*** Opening of Information supplied ***

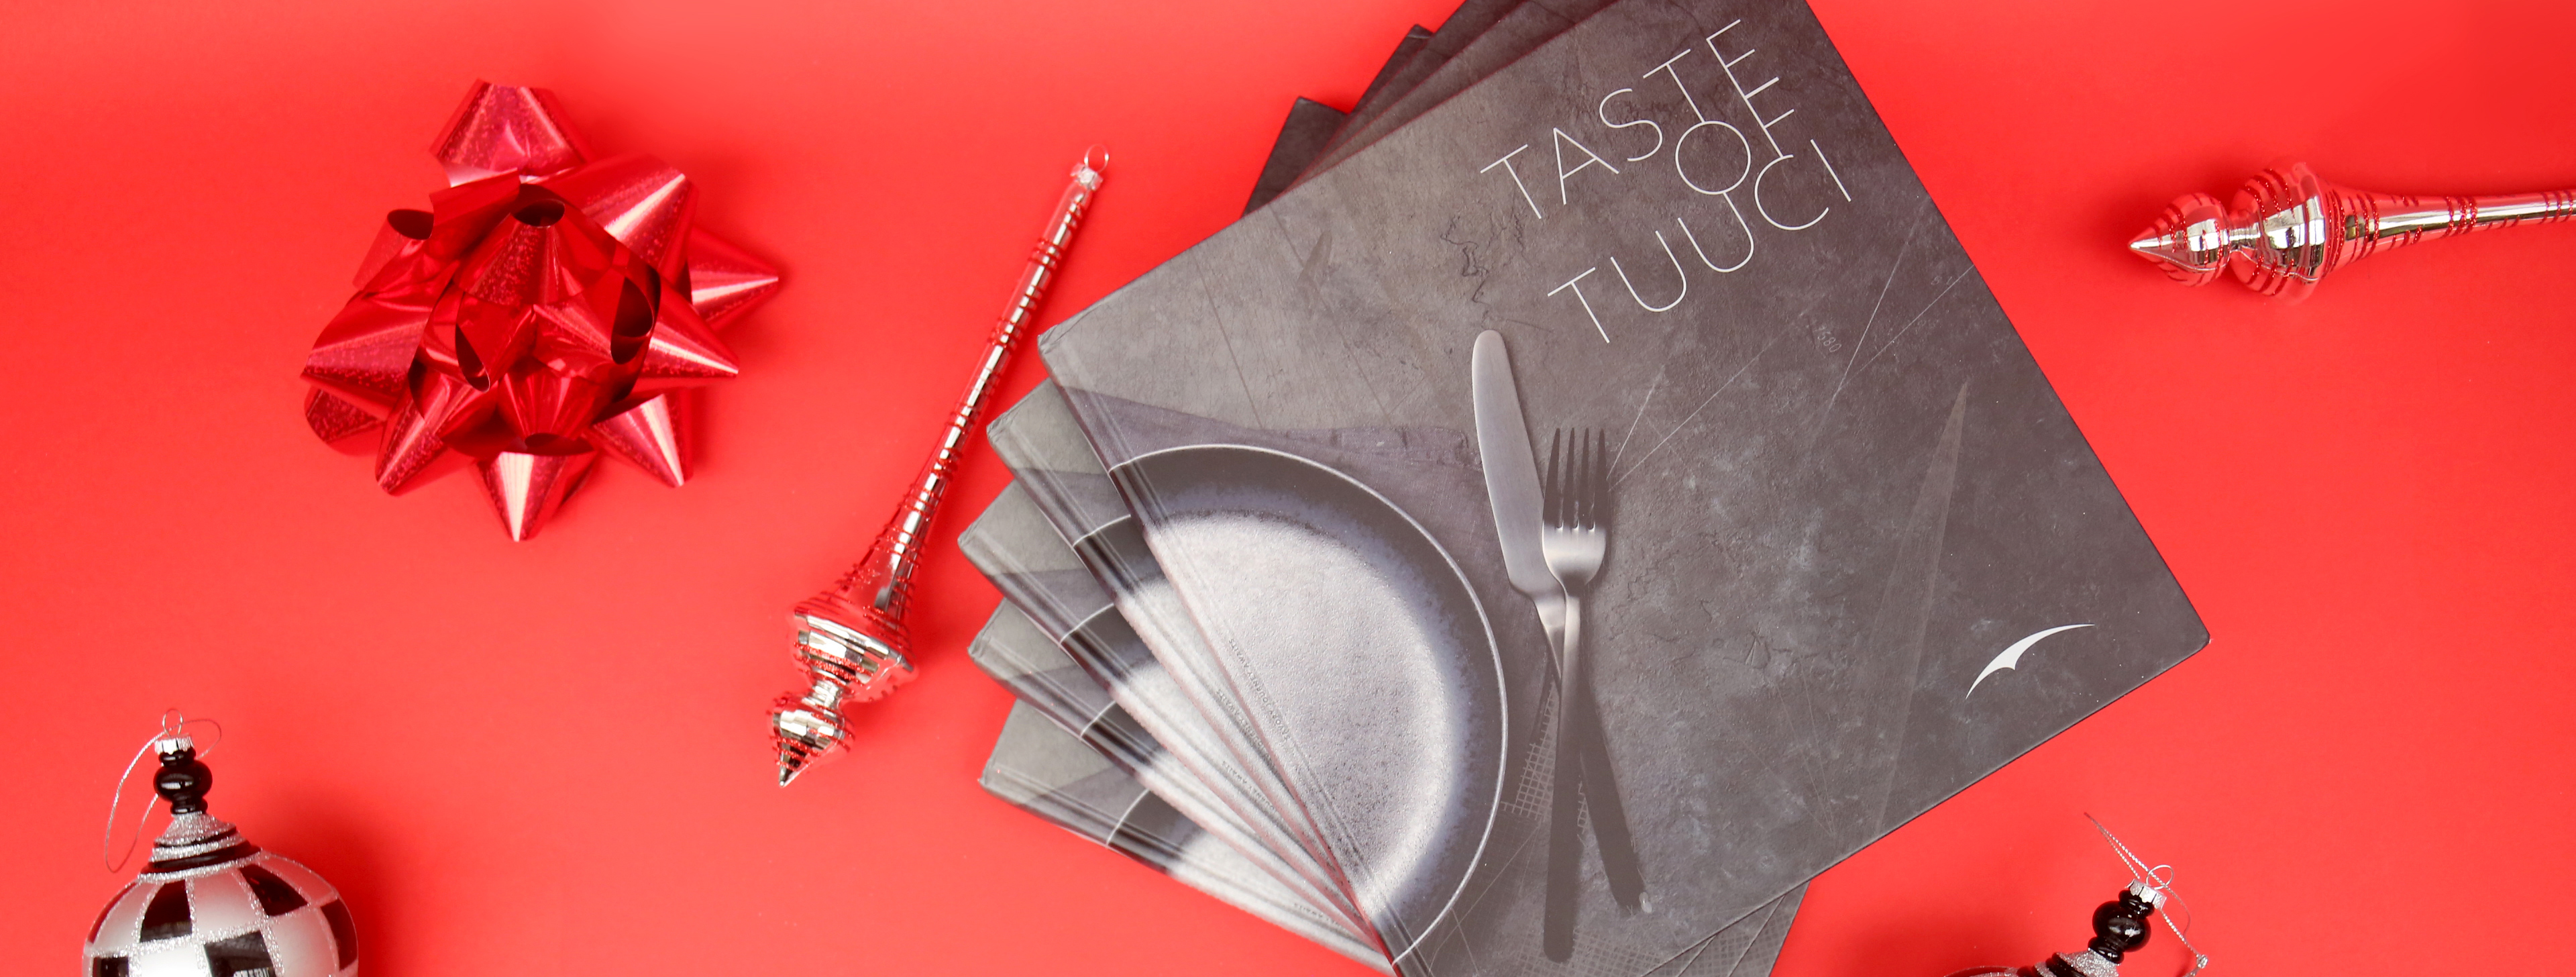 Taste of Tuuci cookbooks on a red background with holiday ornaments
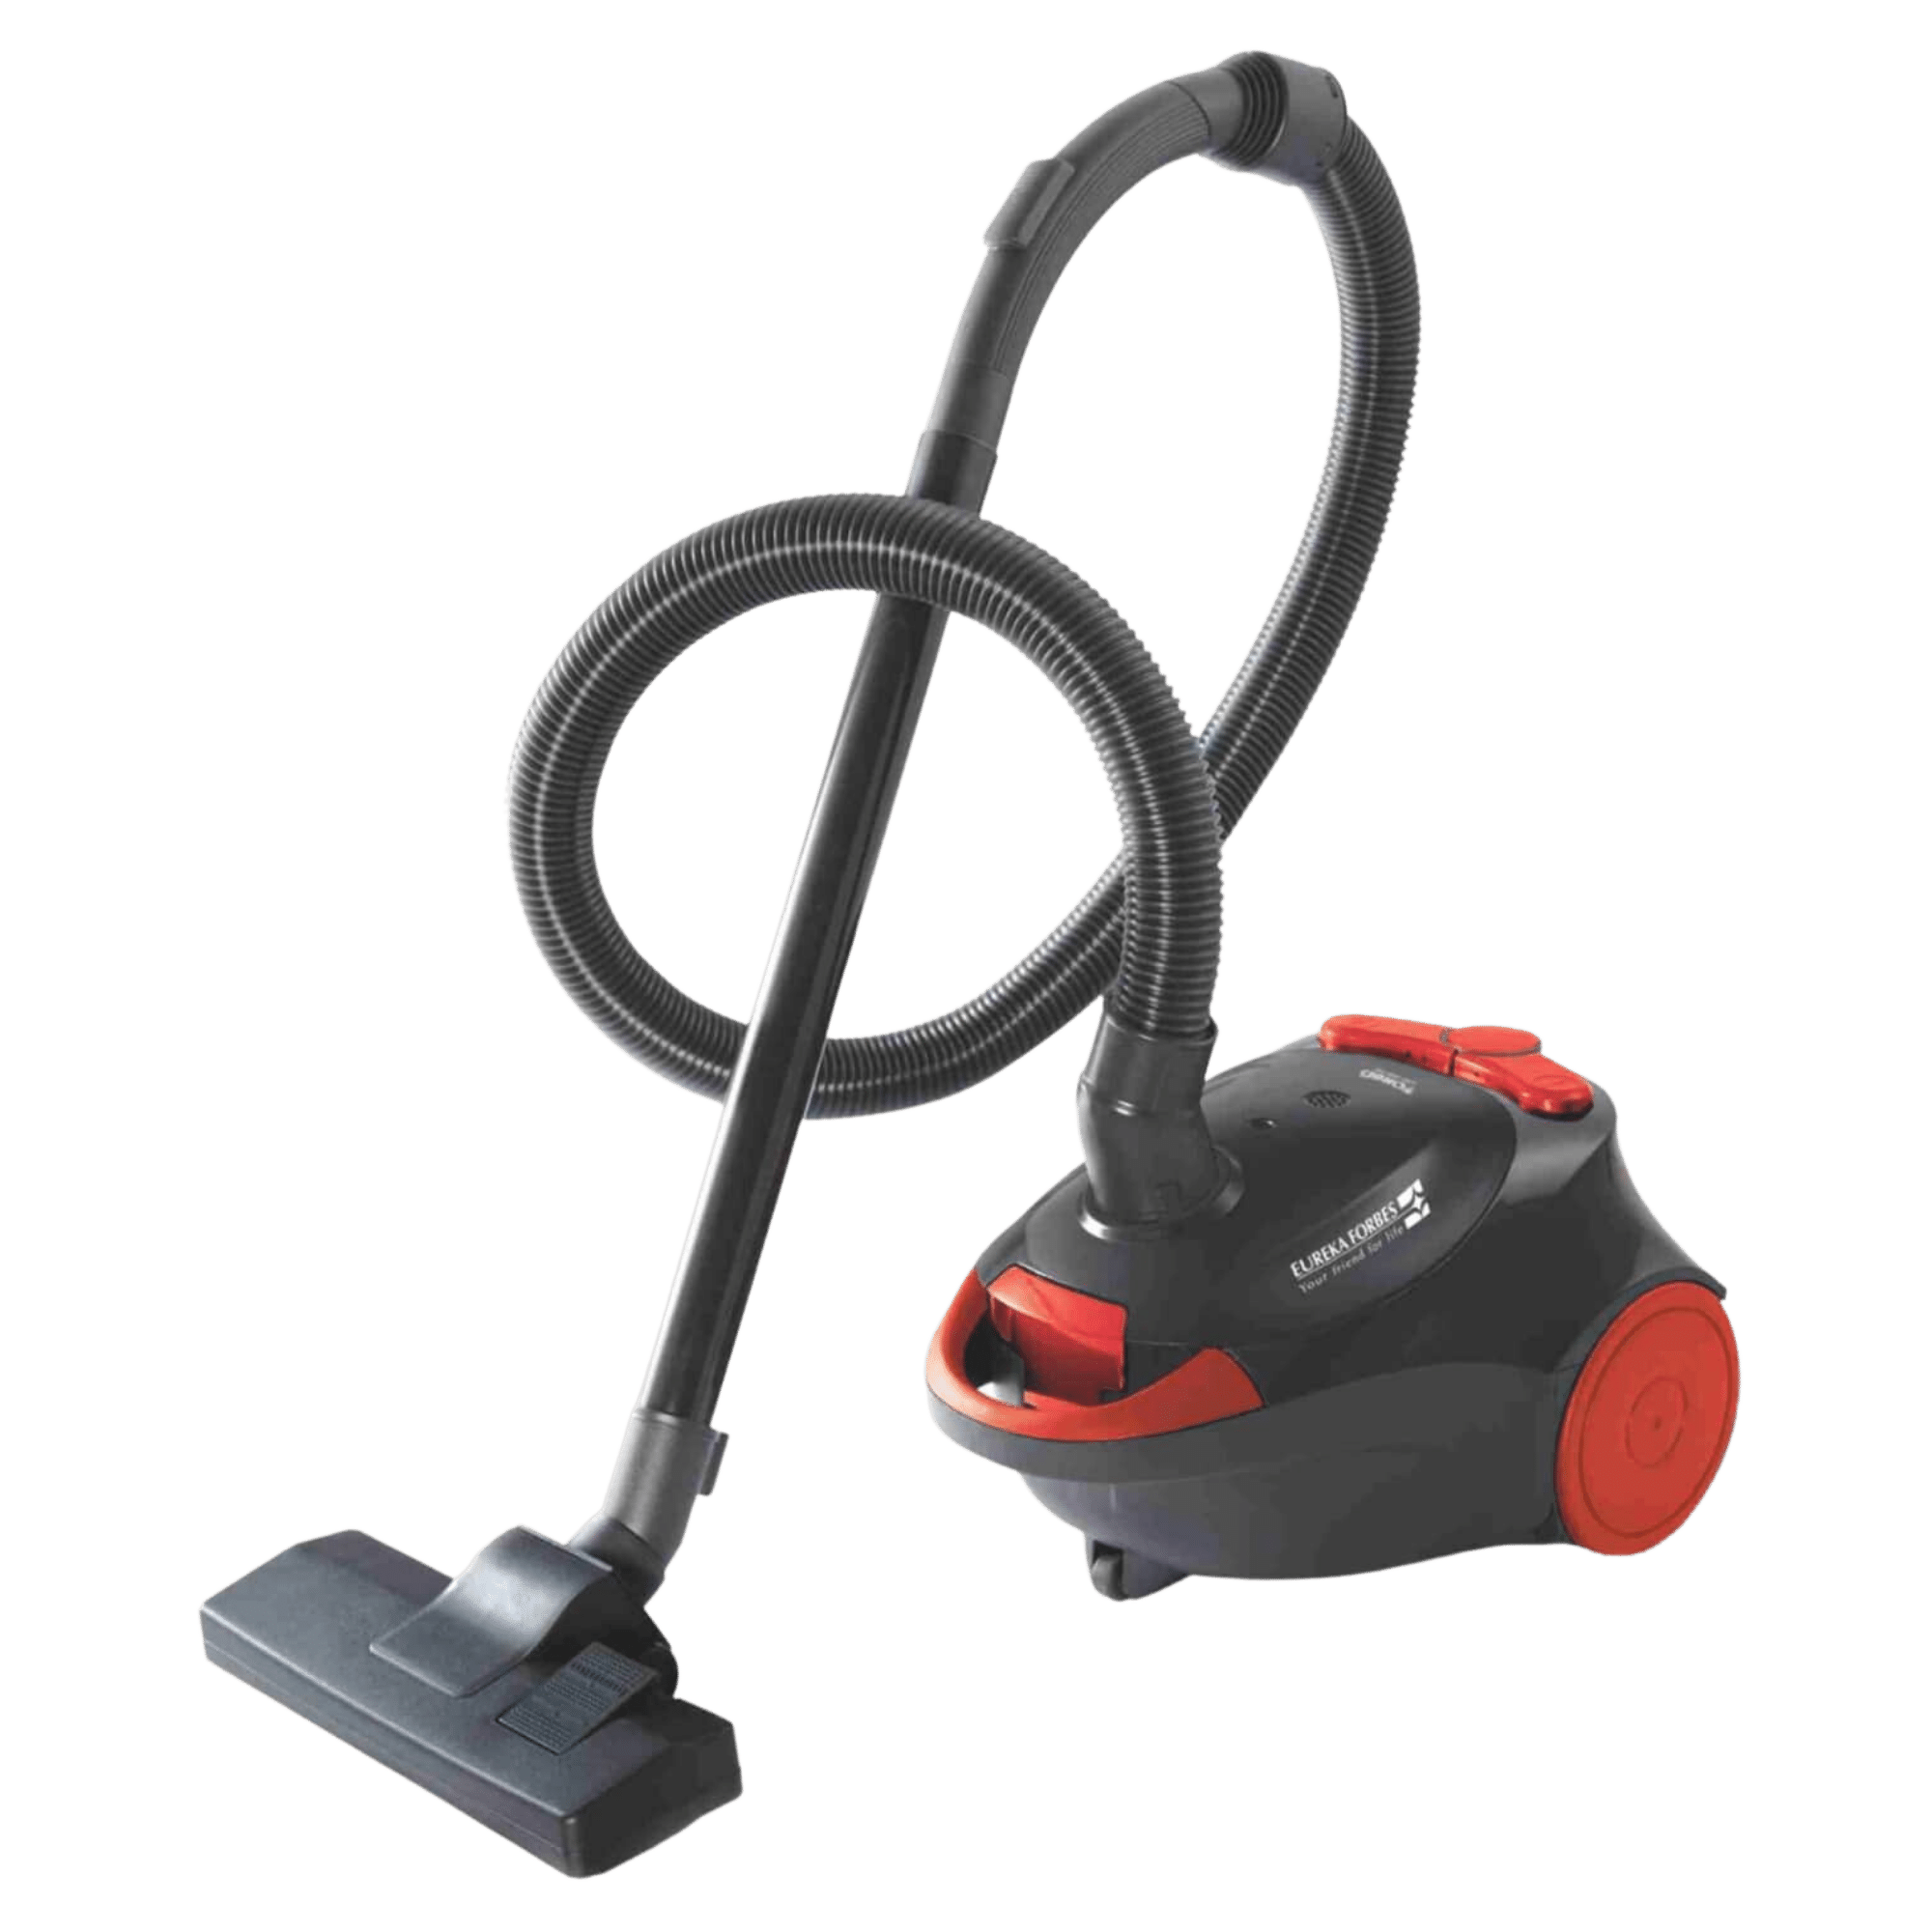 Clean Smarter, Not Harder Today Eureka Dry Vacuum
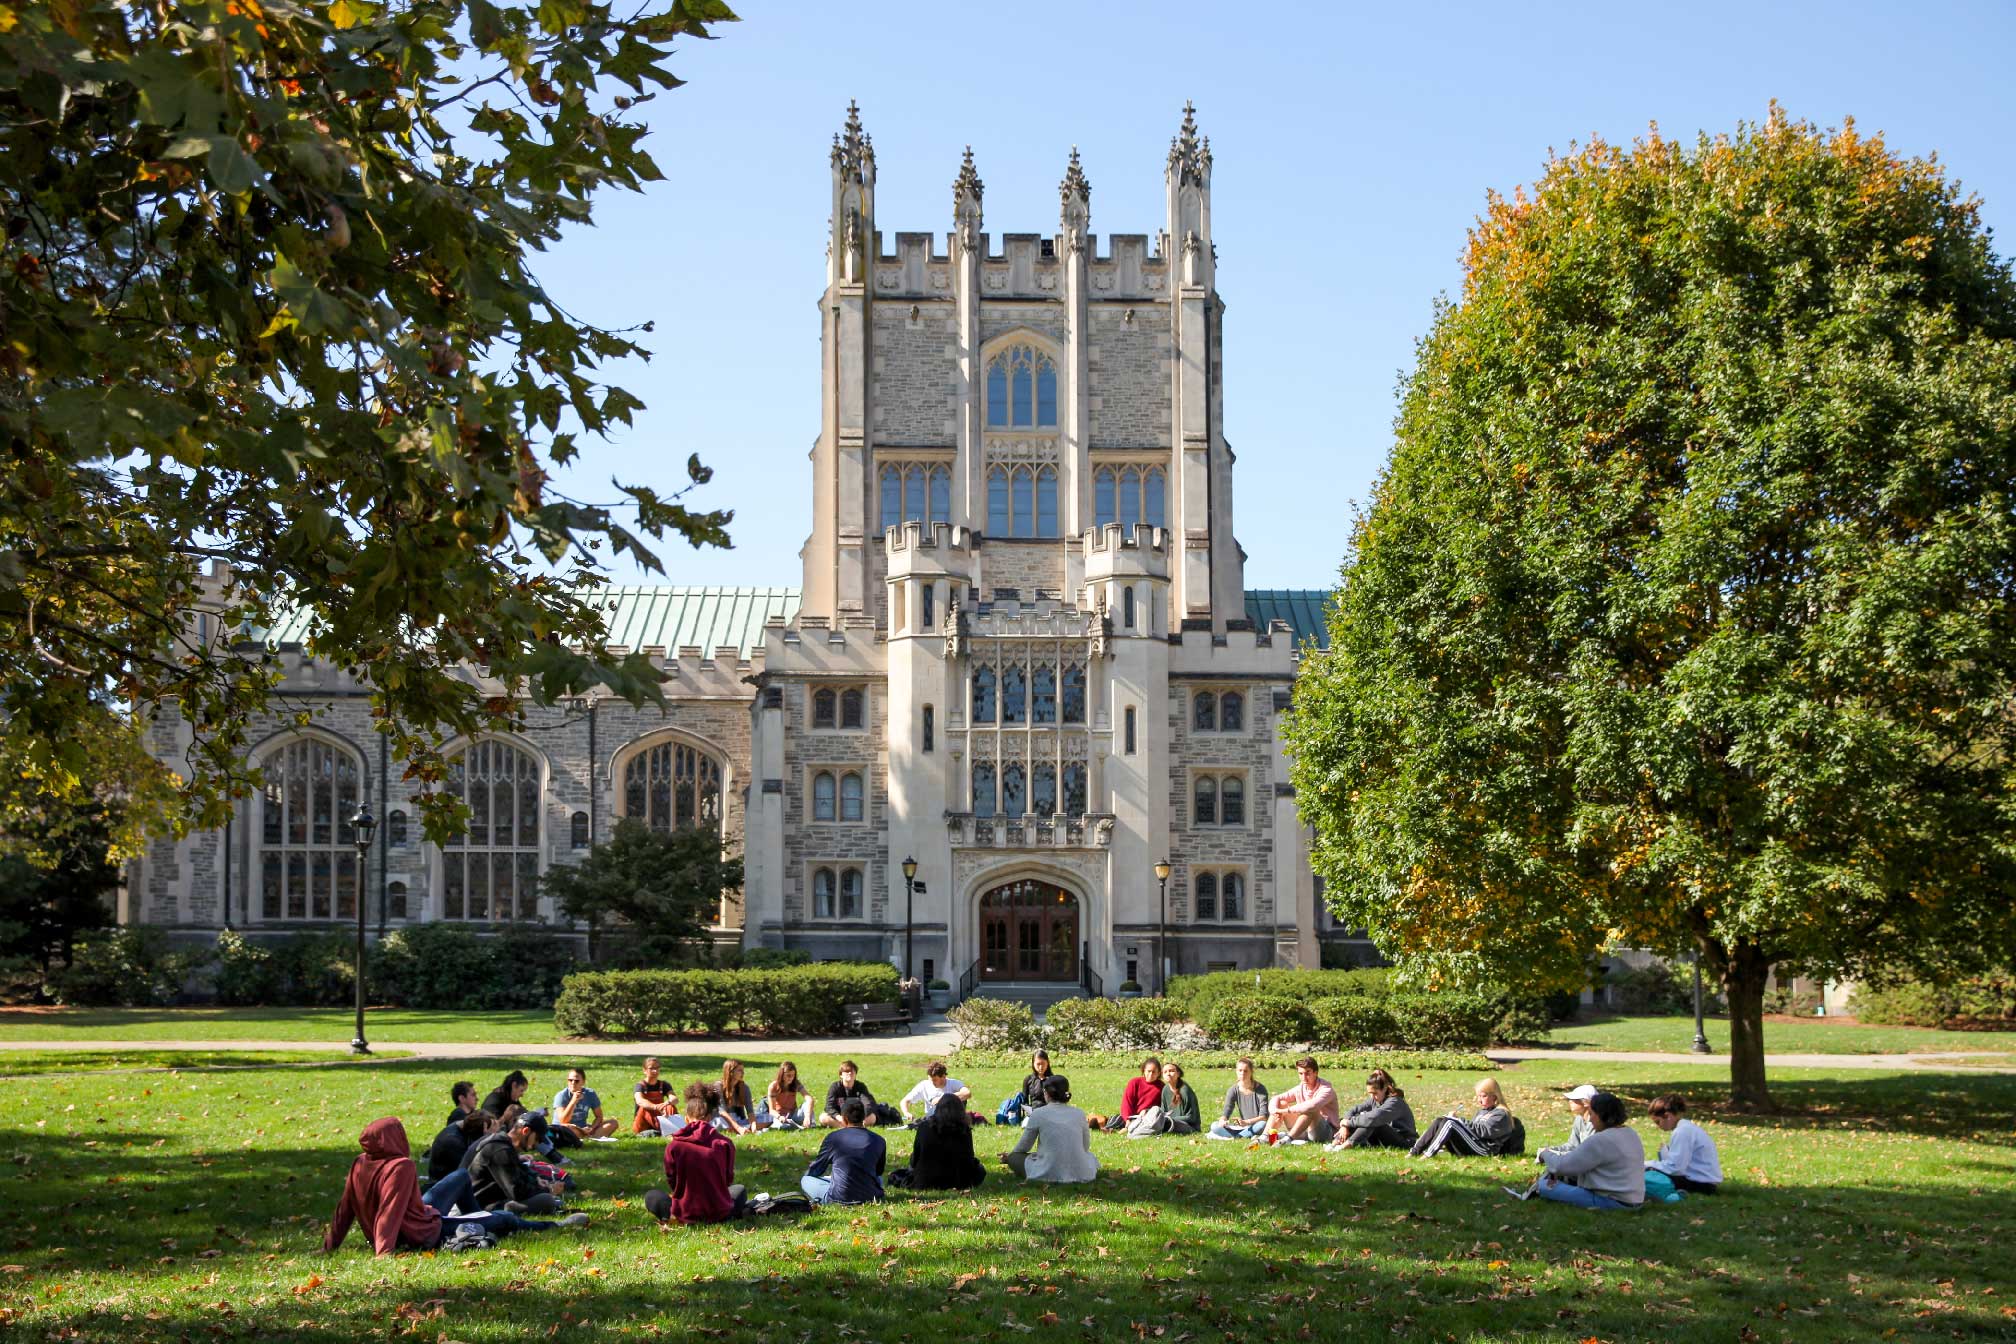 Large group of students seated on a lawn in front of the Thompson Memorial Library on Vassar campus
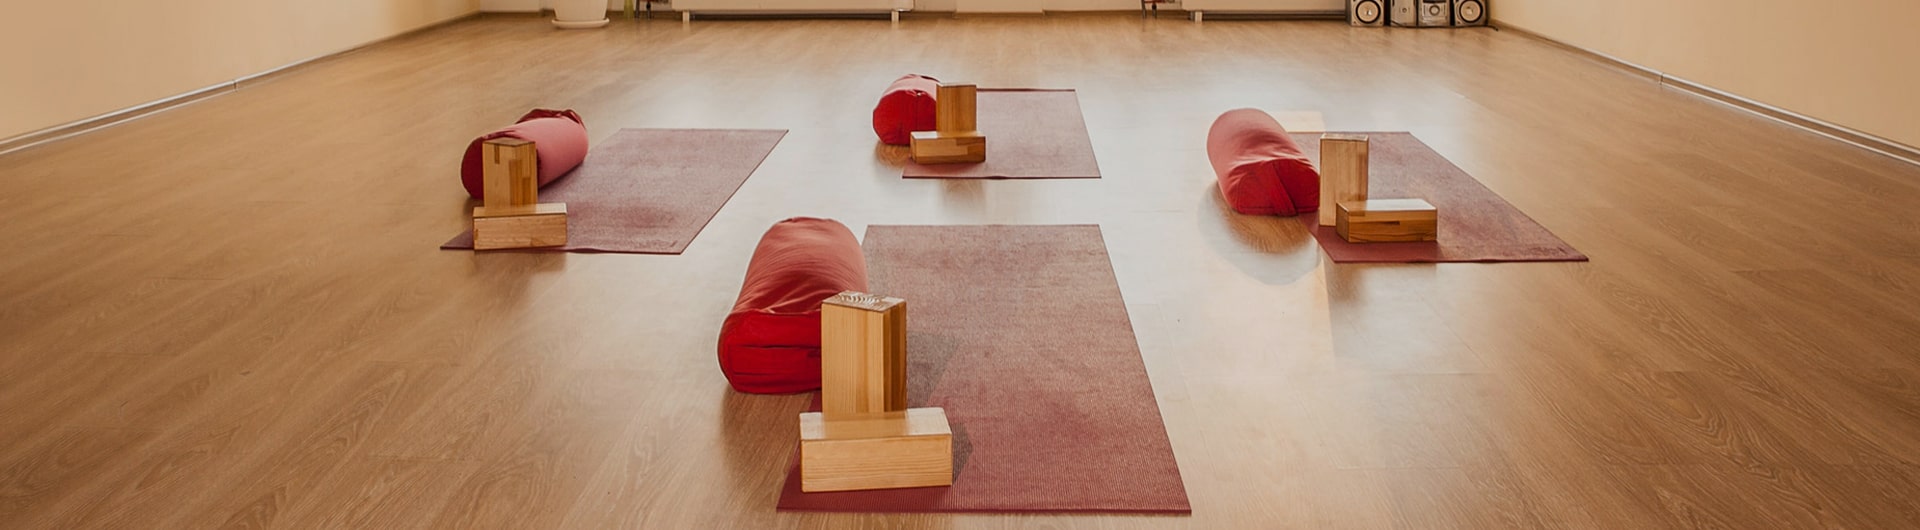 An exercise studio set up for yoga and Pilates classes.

*** Close of Information supplied ***

**What is required**
When you write out the material above, keep every line exact and drop each picture.

**Task response**
 Taste of Tuuci cookbooks on a red background with holiday ornaments
 Clean Smarter, Not Harder Today Eureka Dry Vacuum
 Large group of students seated on a lawn in front of the Thompson Memorial Library on Vassar campus
 An exercise studio set up for yoga and Pilates classes.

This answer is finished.